I don't know how many people inside know the full picture,

but this is the idea that no, our government should have that information.

It shouldn't be out on the internet, it should be confidential disclosure just to the,

to the agency. But my hope is also that gives you an opportunity to,

to build some expertise. And then we can be discovering what are the 

additional requirements that we might need to impose?

Like straight off the bat everybody talks about it,

but you don't have a mechanism to implement the idea.

You have prohibited uses and prohibited users.

Like you can't sell it to North Korea or you can't sell it to the same type of entities

you can't make loans to. Criminal, criminal enterprises, cybercrime groups and so on.

We could, evolving ideas about requirements on size or data, methods, required tests that need to be put in place.

And initially, we can just be establishing requirements like you say, you have to register anything over and in,

in the proposal, I think we said, like you have to register models GPT-4 and above or above GPT-4.

I know that scale is not always going to be the size of models,

not always going to be directly related to capabilities,

but that's something that you can evolve. And interested in the EU AI Act does do 

that. So that gets us to evolving licensing requirements. And this is sort of in,

in answer to Yoshua's question: how is this different from a licensing regime?

This evolves to a licensing regime. A licensing regime says there are things you have to do,

like run this test. As a registration regime, it's just tell us about who you are and that as you add requirements say,

well, you have to have done these kinds of tests or you have to use these kind of methods or you have to show us these

kinds of proofs that's evolving to a licensing requirement. This is actually something that is a tool that we can imagine.

We have global markets, countries that want their companies or international companies to have access to global markets.

You can have the same requirement, right? If you want to sell the services of the model.

we probably have to develop something for selling the products that are built on the basis of the 

model as well. That can be a step just like we have requirements that we established through the WTO

about what kinds of products are allowed into, into the market.

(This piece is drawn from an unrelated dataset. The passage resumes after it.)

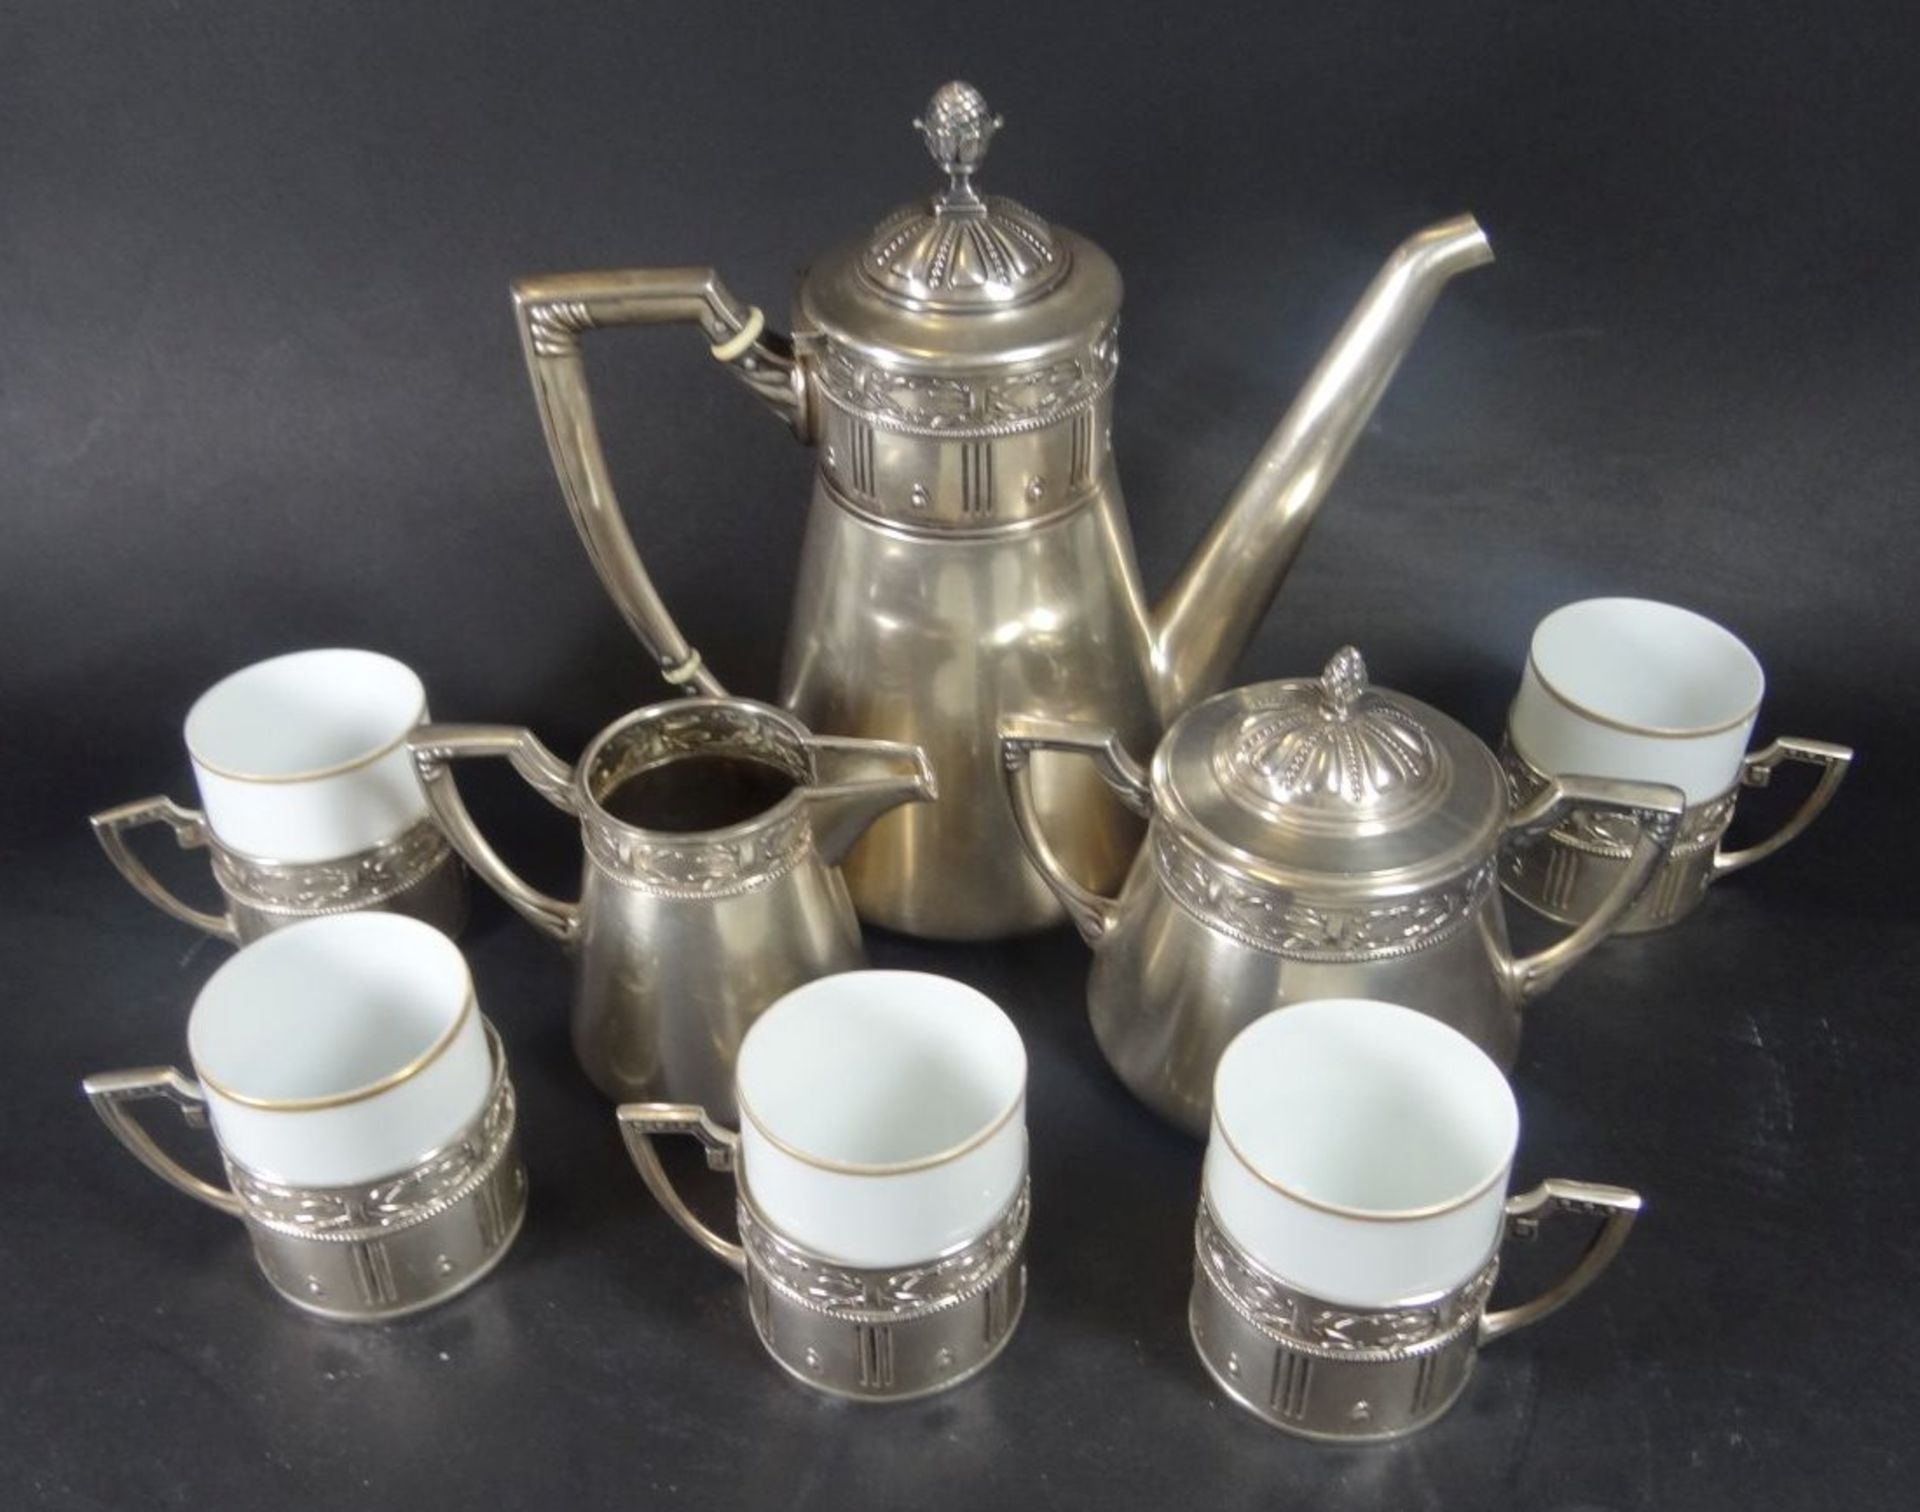 Silber-800- Jugendstil-Kaffeekern mit 5 Tassen, Silbermontur, Kanne H-17,5 cm, Gewicht zus. 830 gra - Image 2 of 5

So that gives you an opportunity for global reach and again,

it gives you a lever. I mean, if you're thinking about this as an economic incentive to build,

then your capacity is to say, well, we can't have access to the global market unless you registered,

unless you and then we've evolved our standards in there. So yes,

people will try to cheat. Black markets and criminals exist all over the place,

but you at least want to have something in place that allows you to activate criminal enforcement,

which we currently do not because it's not illegal to do anything with a frontier model.

You choke off legitimate investors from this and you hopefully we'll get some technical work done

on how we would build not-as-hackable systems of digital proof.

I'm goanna stop. Let's see. I'm just going to say that elements of this are in the executive order and the EU AI Act but

not the, not the legality part of it.

And as Adam mentioned on yesterday, this mandatory registration scheme

is one of the recommendations that came out of our Ditchley meetings.